W1 = tf.Variable(tf.random_normal([1, 5], dtype=tf.float64)) # hidden layer 만들기
W2 = tf.Variable(tf.random_normal([5, 10], dtype=tf.float64)) # hidden layer 만들기
W_out = tf.Variable(tf.random_normal([10, 1], dtype=tf.float64))

hidden1 = tf.nn.elu(tf.matmul(_x_data, W1)) # [506, 5]
hidden2 = tf.nn.elu(tf.matmul(hidden1, W2)) # [506, 10]
output = tf.matmul(hidden2, W_out) # [506, 1]
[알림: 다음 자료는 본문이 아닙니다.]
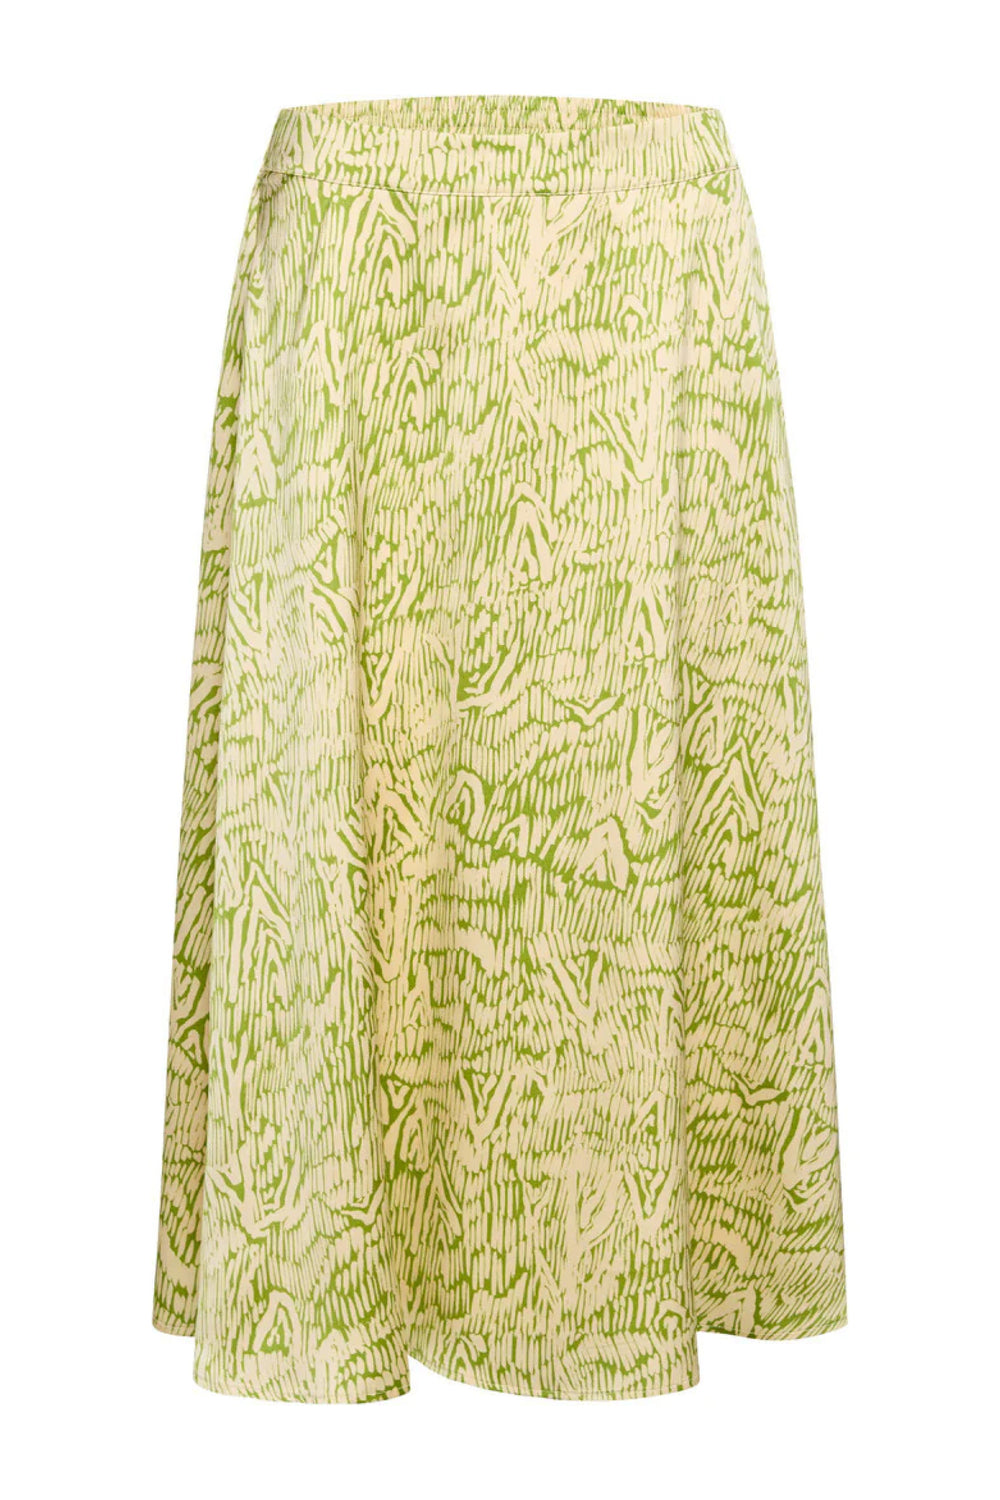 Bruuns Bazaar Women AcaciaBBAmattas skirt Skirt Moss Green print
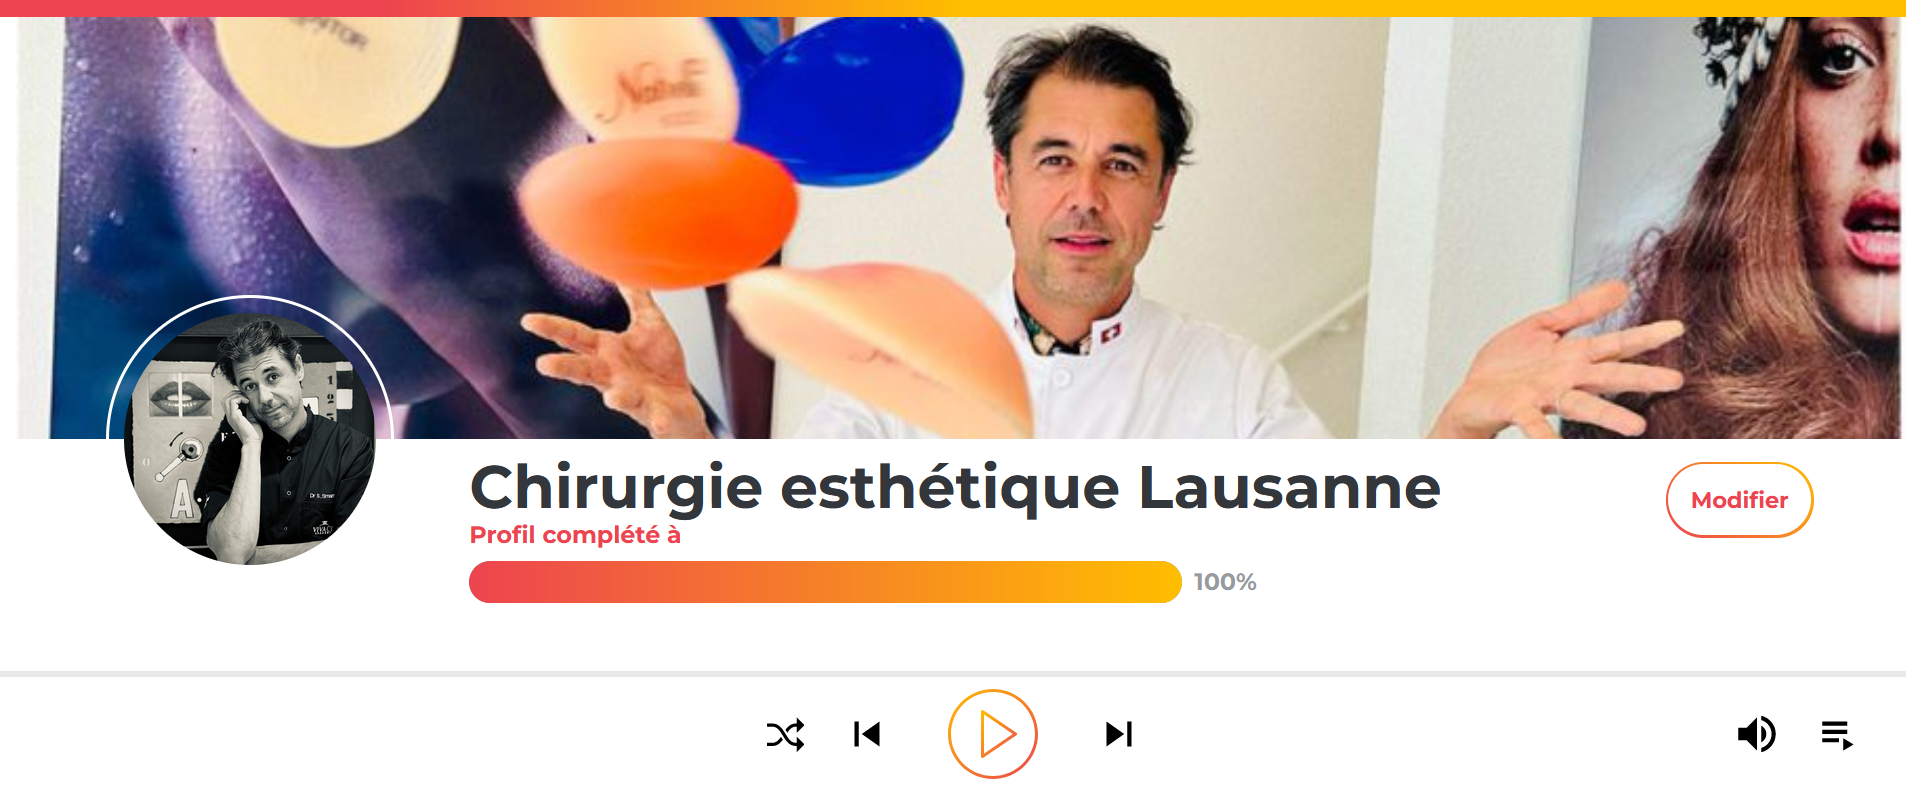 Chirurgien esthétique Lausanne : Le Dr Smarrito propose un Podcast

#loss = tf.reduce_mean(tf.square(output - y_data)) # MSE 만들기
loss = tf.losses.mean_squared_error(output, _y_data)
optimizer = tf.train.AdamOptimizer(0.001) # 바닐라 GradientDescent 학습률 지정
train = optimizer.minimize(loss)

with tf.Session() as sess:
    sess.run(tf.global_variables_initializer())
    
    for step in range(50000): # epoch
        sess.run(train)
        if step % 5000 == 0:
            print(f'Step {step} || Loss : {sess.run(loss)}')
            
    output = sess.run(output)
    
plt.figure(figsize=(10, 10))
plt.plot(x_data, y_data, 'bo', label='Real data')
plt.plot(x_data, output, 'ro', label='Prediction')
plt.legend()
plt.show()